PROBLEM DETAILS
Write out every line of the material as it stands, apart from the pictures.

RECORDED DATA
----
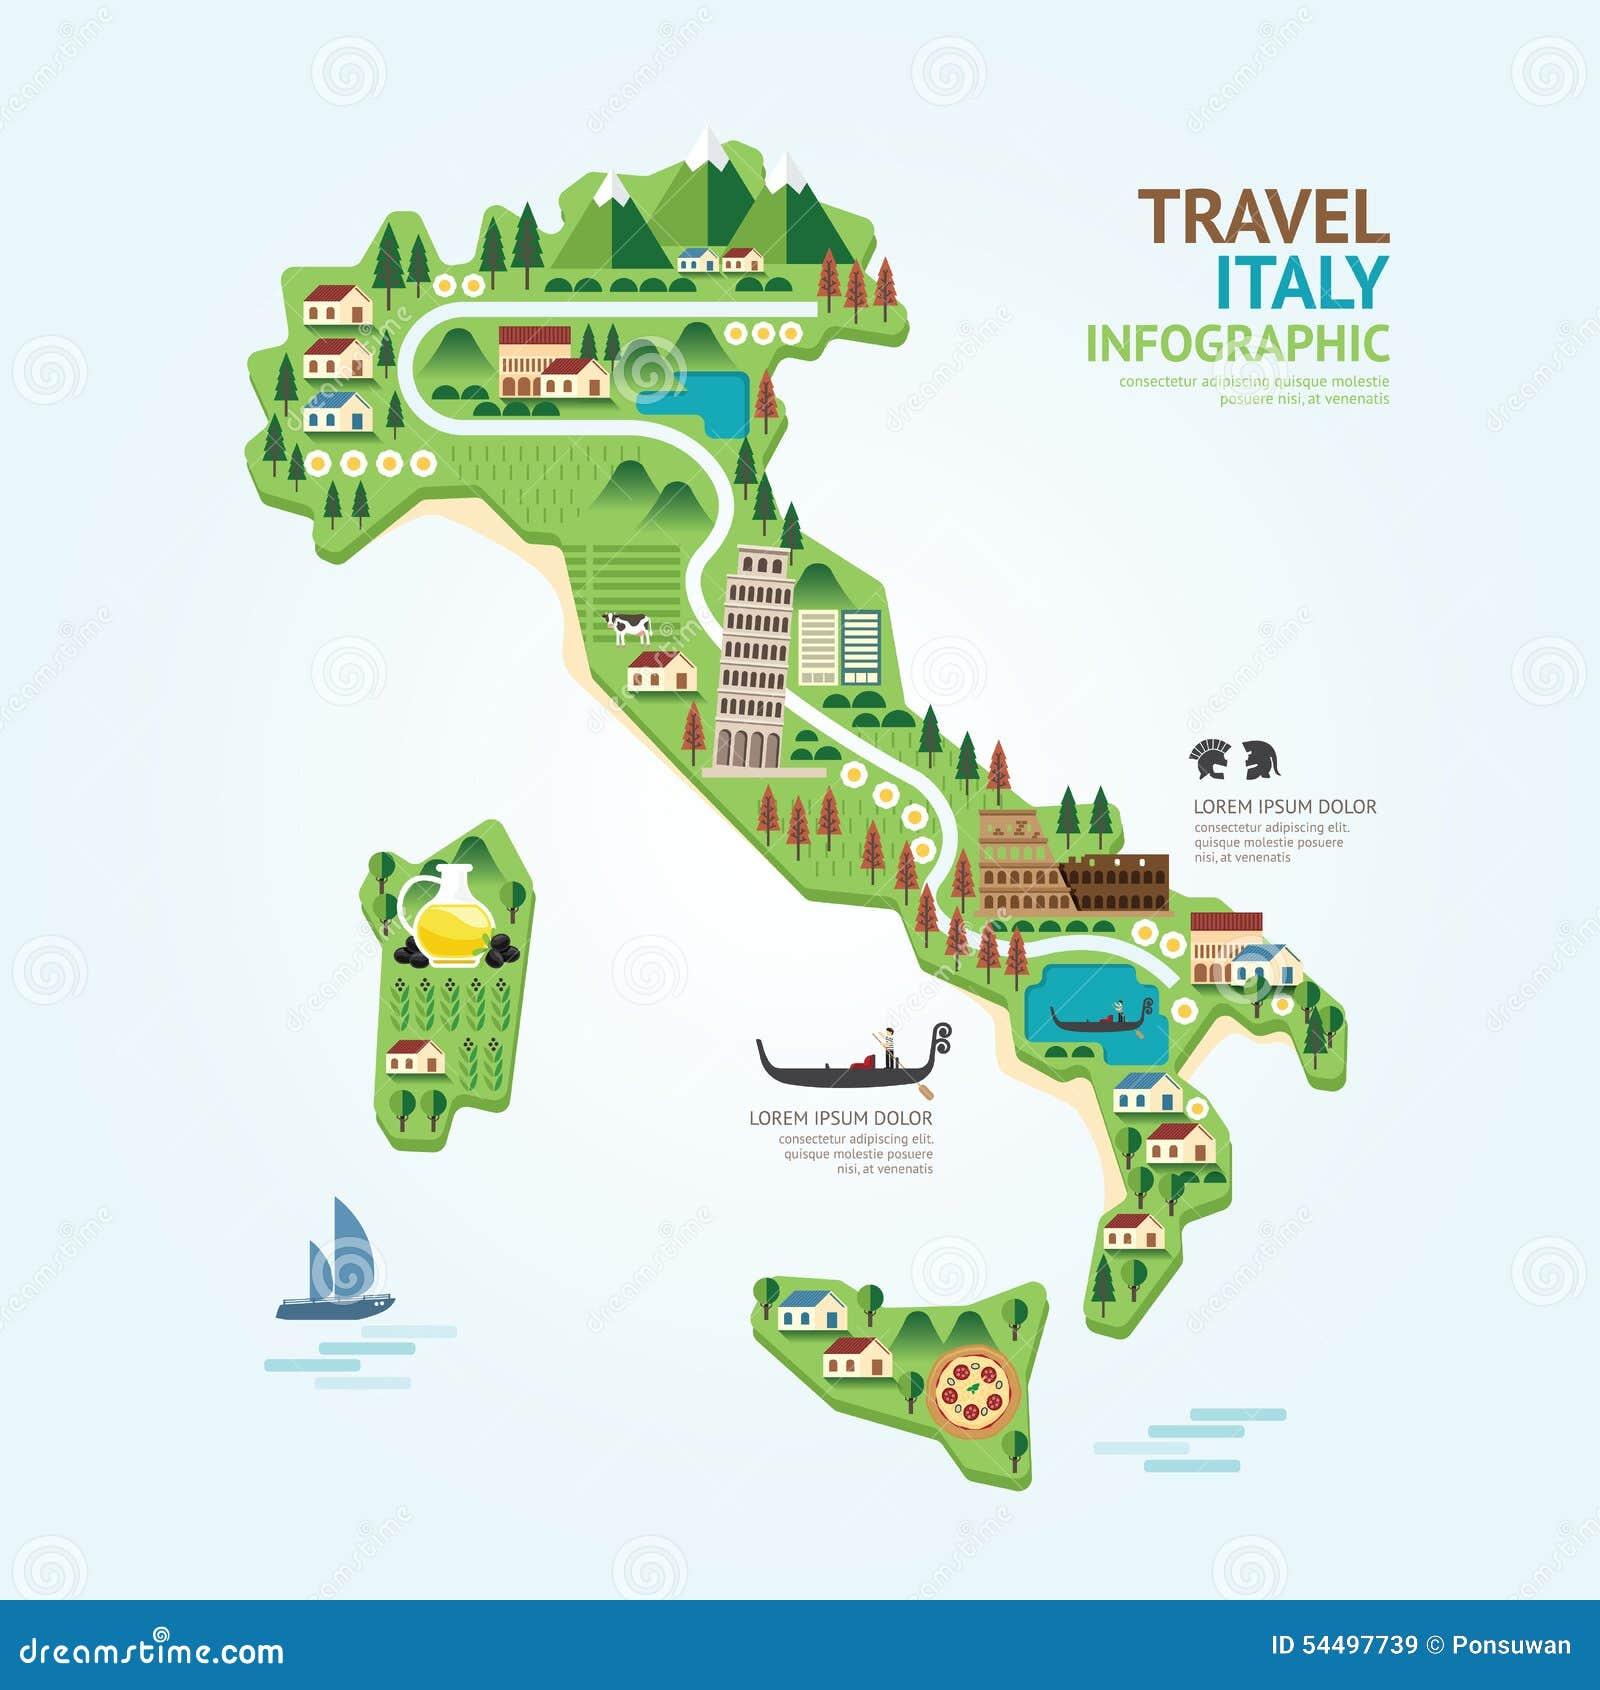 Infographic旅行和地标意大利地图形状模板设计
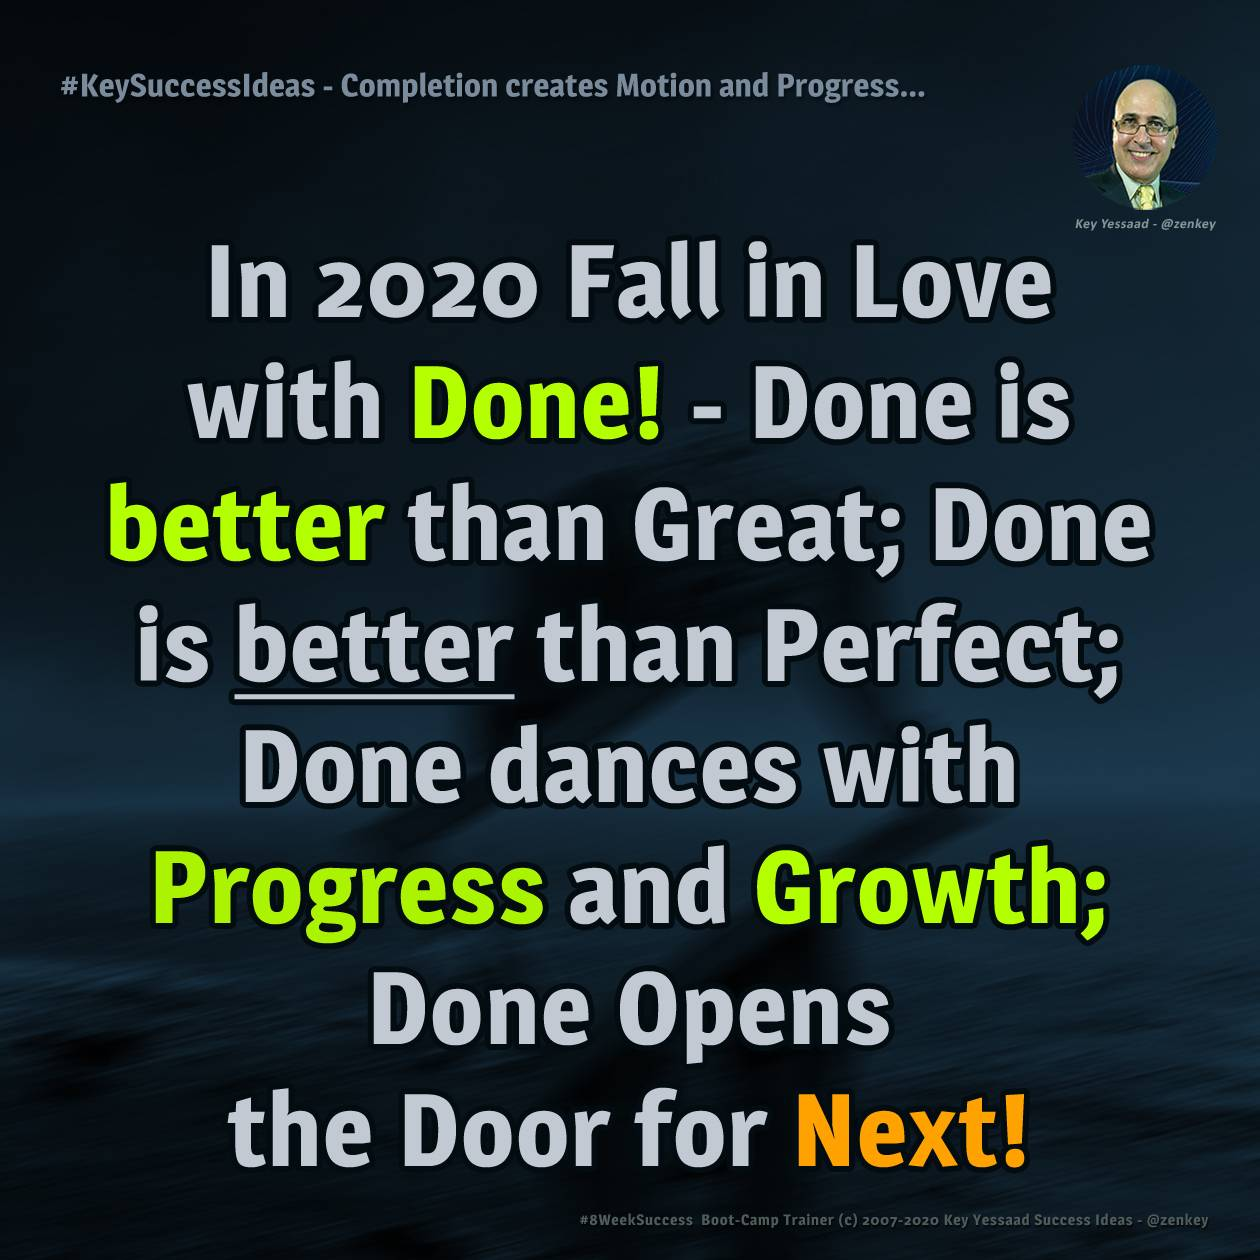 Completion creates Motion and Progress... - #KeySuccessIdeas
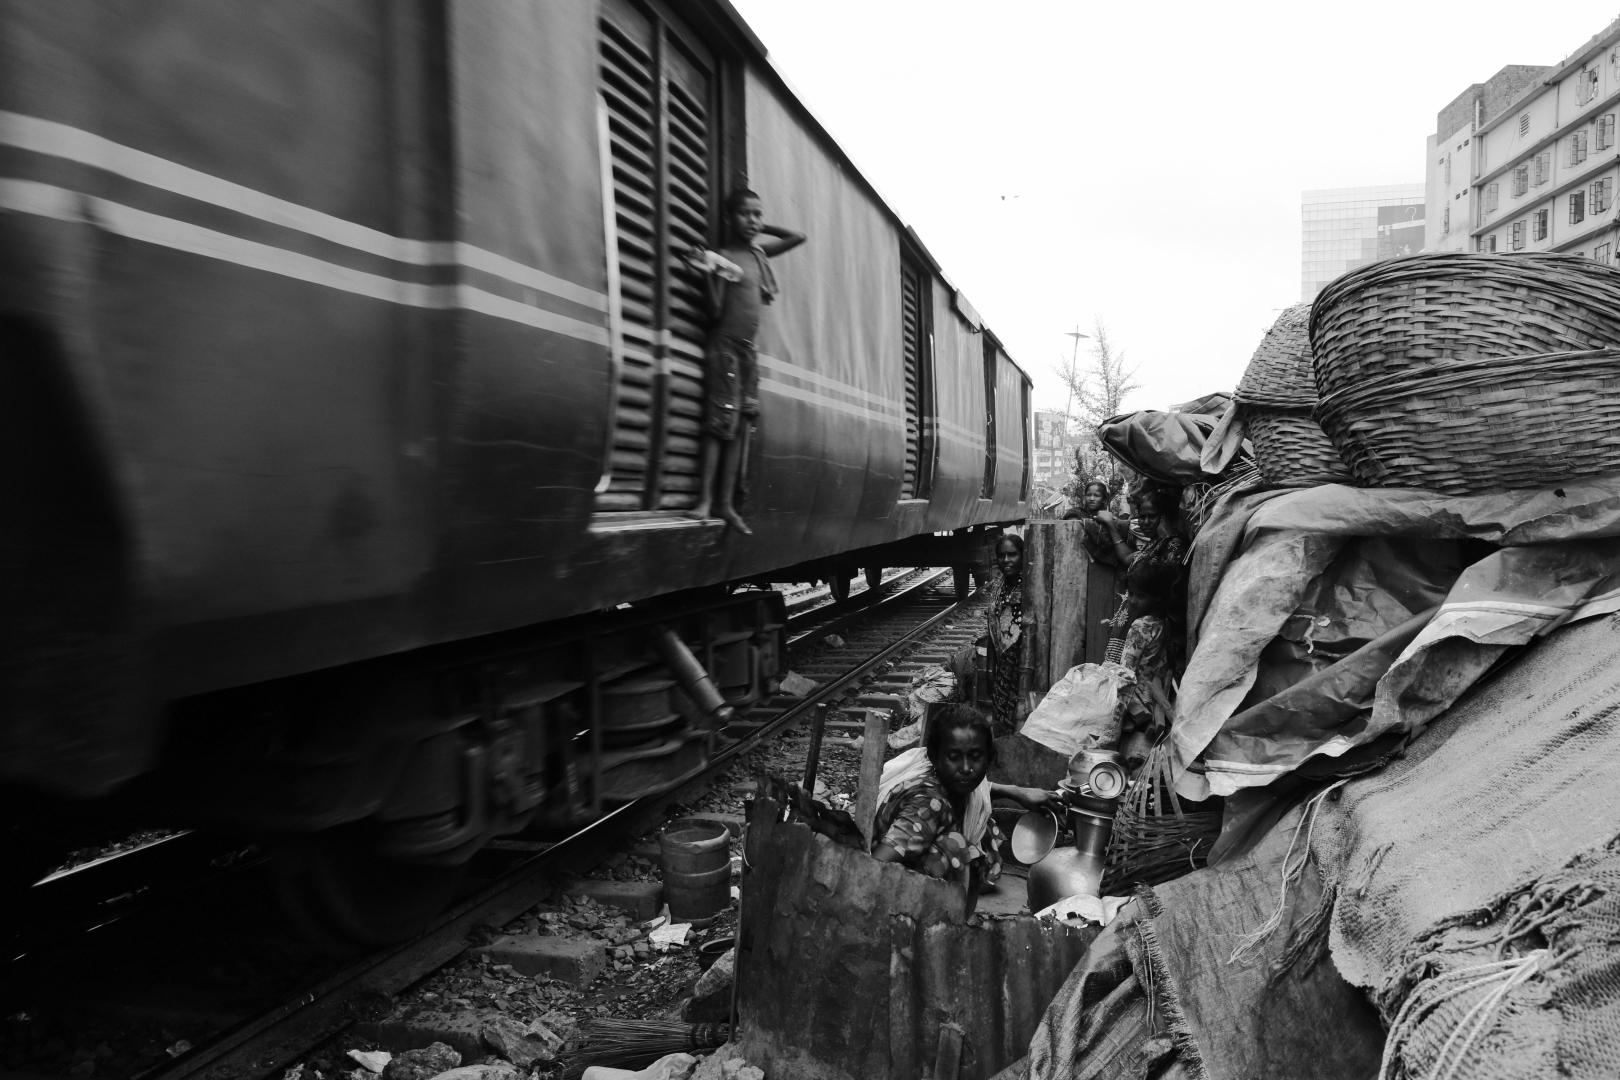 Карван базар — трущобы на железнодорожных путях
----
RESPONSE BELOW
 Infographic旅行和地标意大利地图形状模板设计
 Completion creates Motion and Progress... - #KeySuccessIdeas
 Карван базар — трущобы на железнодорожных путях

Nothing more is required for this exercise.